Ok, my opdrv will not open from the keyboard though it will from click restart.

Anything I do, apps, net, my own forum, folders on the desktop, Nikon Capture NX is getting more and more delayed from the sbbod. 

I have run, several times, plist to trash in library>plist for apps mentioned. Repair on disk utility. I cannot figure out when to let go of the keyboard when getting to fsck -y . It seems to keep scrolling. I think this is me that is unsure of when to let the key go to let the program run. I normally let it go as soon as the black screen and white text starts up.

I just need to get a little better grip on the details or you can tell me what is going on here if you would be so kind.


----------



## TBC (Apr 17, 2009)

Well, I used to be a member when I had my PC. If this is the same forum that I was attached to then, that went off the air for some time; the name is the same, I believe, then this is a mess as to Mac. I am disappointed by the lack of response or the attention that is lacking. Terrible practice you know. No help. OK, I guess this is now the way of the world.

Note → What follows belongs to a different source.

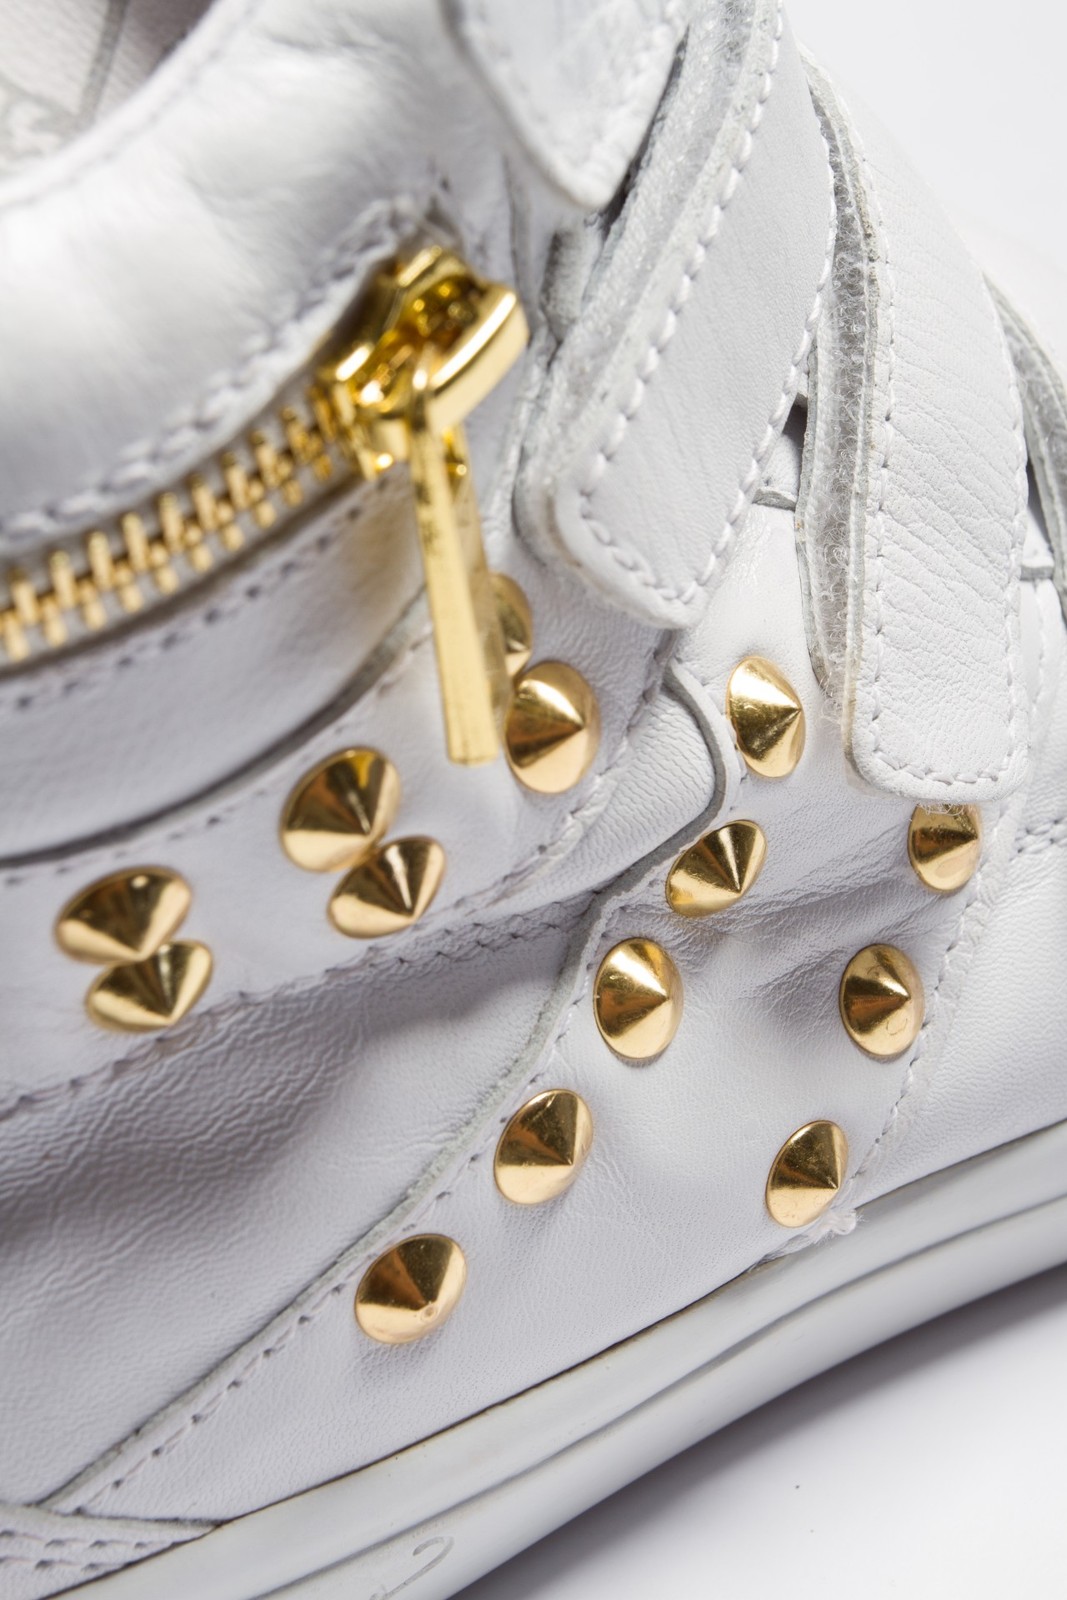 Replay fehér sneaker arany szegecsekkel 2013.4.12 #39500 fotója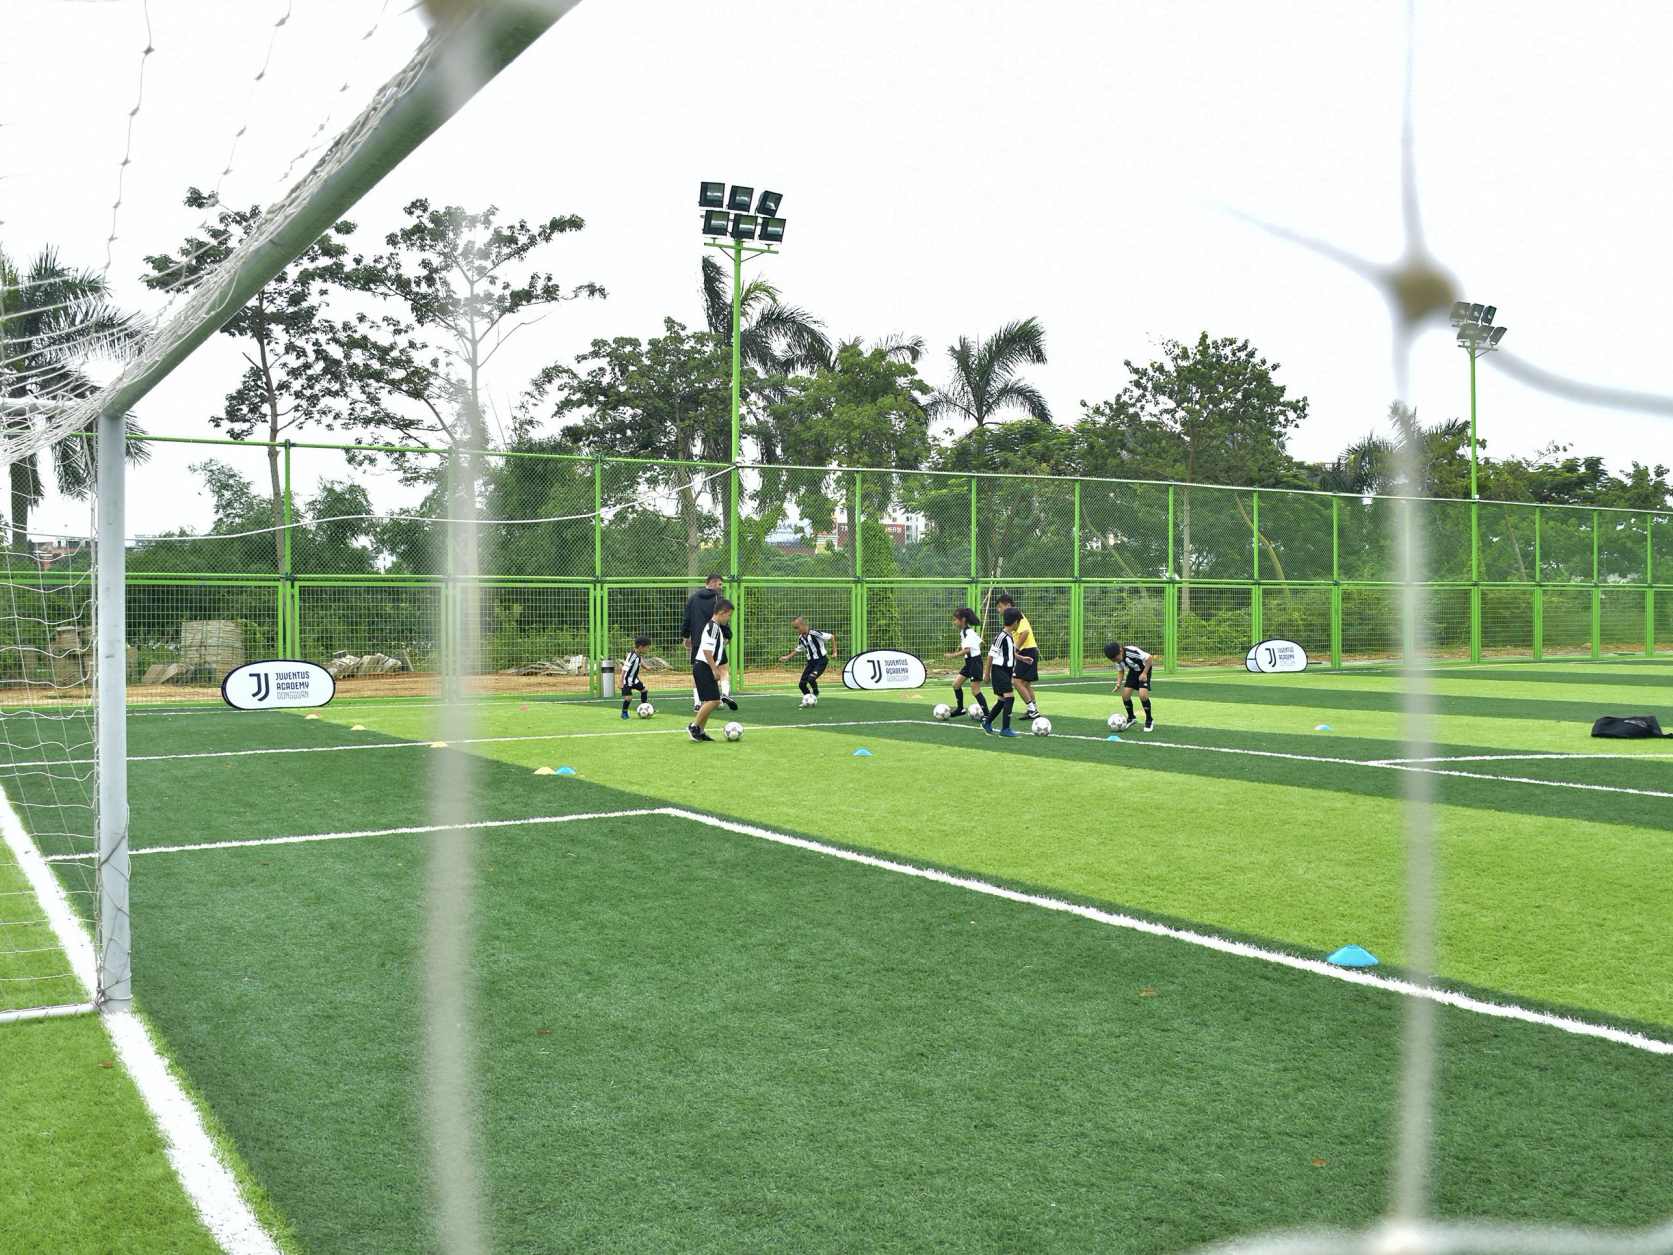 东莞石龙将建青少年足球培训基地

TBC


----------



## aydj (Apr 27, 2009)

I am running a Mac Pro and had this same issue with optical drive not responding to the keyboard eject button, however I found I could eject the drive from Windows under VMWare Fusion, which I already had running at the time.

Consequently when I exited out of Windows I could then use the eject button on the keyboard to open and shut the optical drive without having to reboot.

Cheers,

aydj


----------



## Pawn3d (Apr 13, 2008)

1) Create new profile.
2) Hit eject button.
3) report back. (PM me, if I forget this thread.)


----------